1 whole fryer cut into pieces - save the giblets for another use.
3 T oil
1 C chopped onions
1/2 C chopped carrots 
1/2 C chopped celery
1  - 2 C Chicken Broth
1/4 C white wine
Fresh herbs of choice  - Sweet Basil or Rosemary or Thyme (couple of sprigs max)  - optional

1 C flour
1/2 t salt
1/8 t pepper

Additional flour for thickening or Wondra

Dumpling recipe

Heat oil in Dutch Oven or large deep pot with a tight fitting dome shaped lid.  
Dredge chicken pieces - all of them - in flour and brown on both sides.  

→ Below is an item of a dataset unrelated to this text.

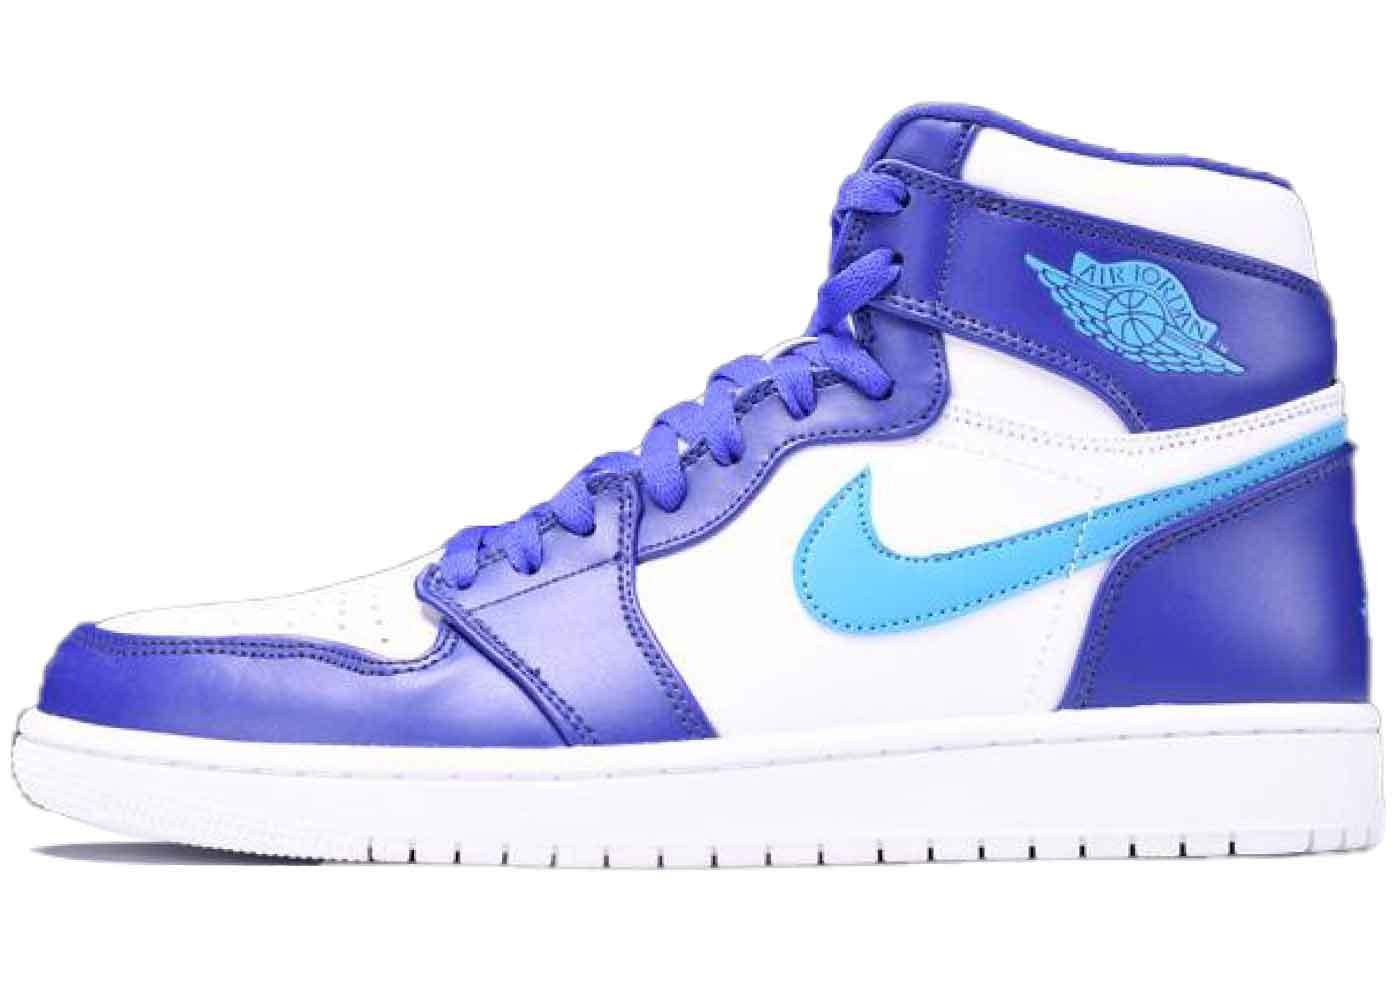 Nike Air Jordan 1 Retro Fengshuiの写真
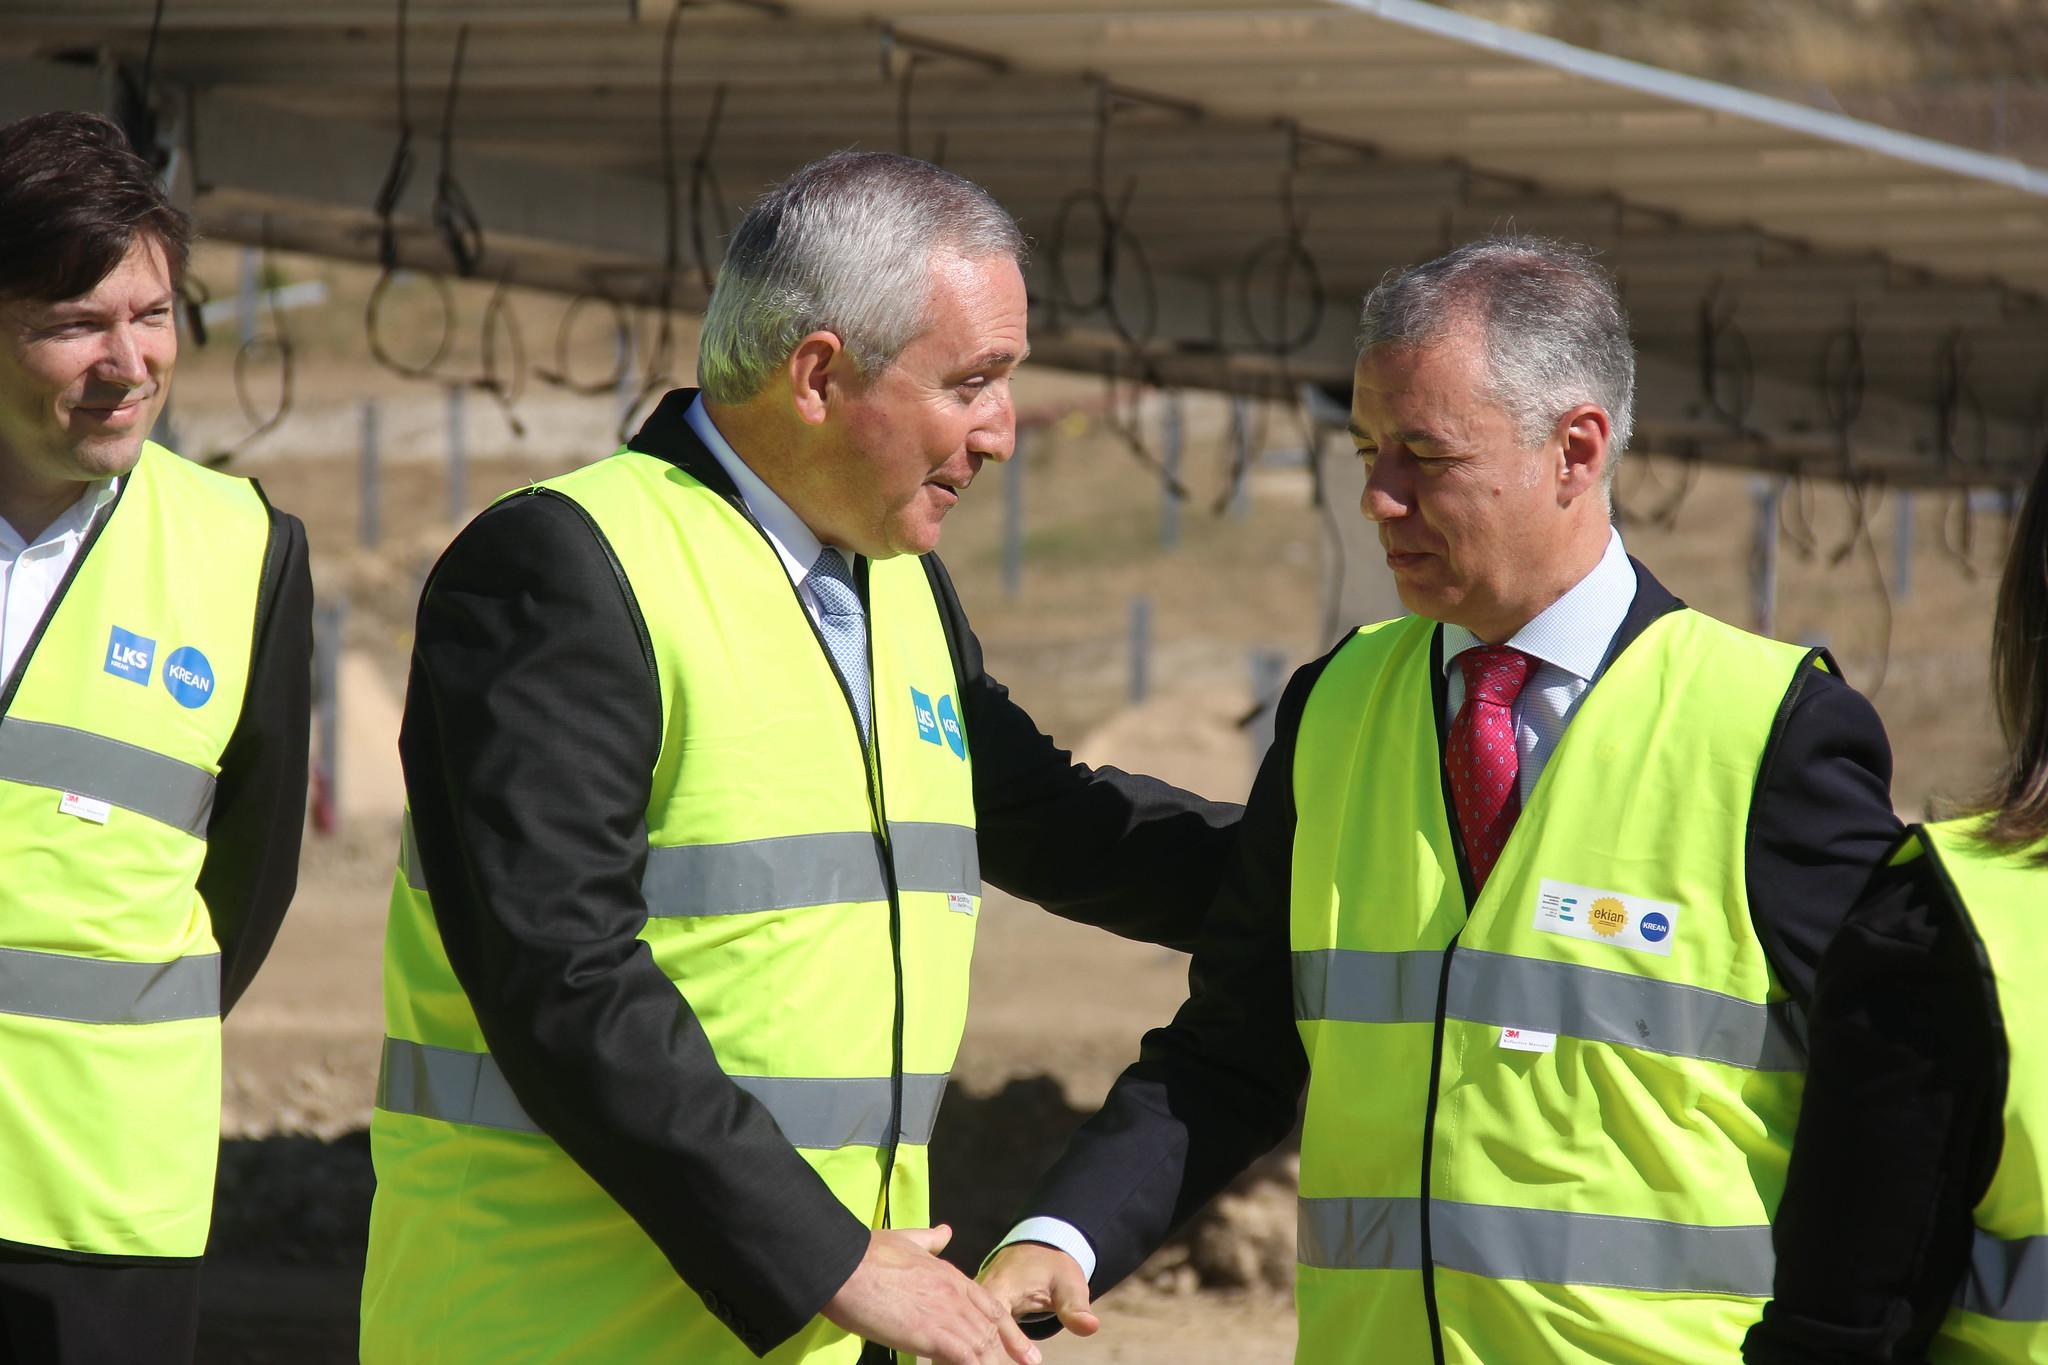 El lehendakari Iñigo Urkullu visita EKIAN, el mayor parque fotovoltaico de Euskadi

Remove chicken, drain off most of the fat and deglaze the pan with the wine.

Return the chicken to the pot building a platform for the dumplings.  That's why you want the backs - they make a great bridge and protect some of the more vulnerable  and less bony pieces.  So you put the backs on the bottom - rib sides down...breasts rib side down...etc.  Smaller pieces on top.

Add the vegetables, herbs  and the broth; cover and simmer about 45 minutes or until chicken is tender.  

The chicken should not be covered with liquid but only about 1/2 way.  Add more broth as needed.

DUMPLINGS

1 1/2 C flour
2 t Baking Powder
3/4 t salt
3 T shortening ( I like the butter flavored stuff for this)
3/4 C milk

Combine dry ingredients; cut in shortening and then stir in the milk.  The batter should be very very thick.  Do not do this too early.  

When chicken is tender drop the dumpling batter by spoonful
*onto* the chicken pieces.  

Cook for 10 minutes uncovered.  Cover tightly and cook for 10 minutes.

Remove dumplings and chicken to warm platter and keep in a warming drawer or otherwise warm place while you thicken the gravy with flour or Wondra or even better - make a nice roux and add it to the liquid! Correct seasonings and watch your family go nuts!


When my son was at home I would make 1 1/2 times the recipe...one of his favorites


----------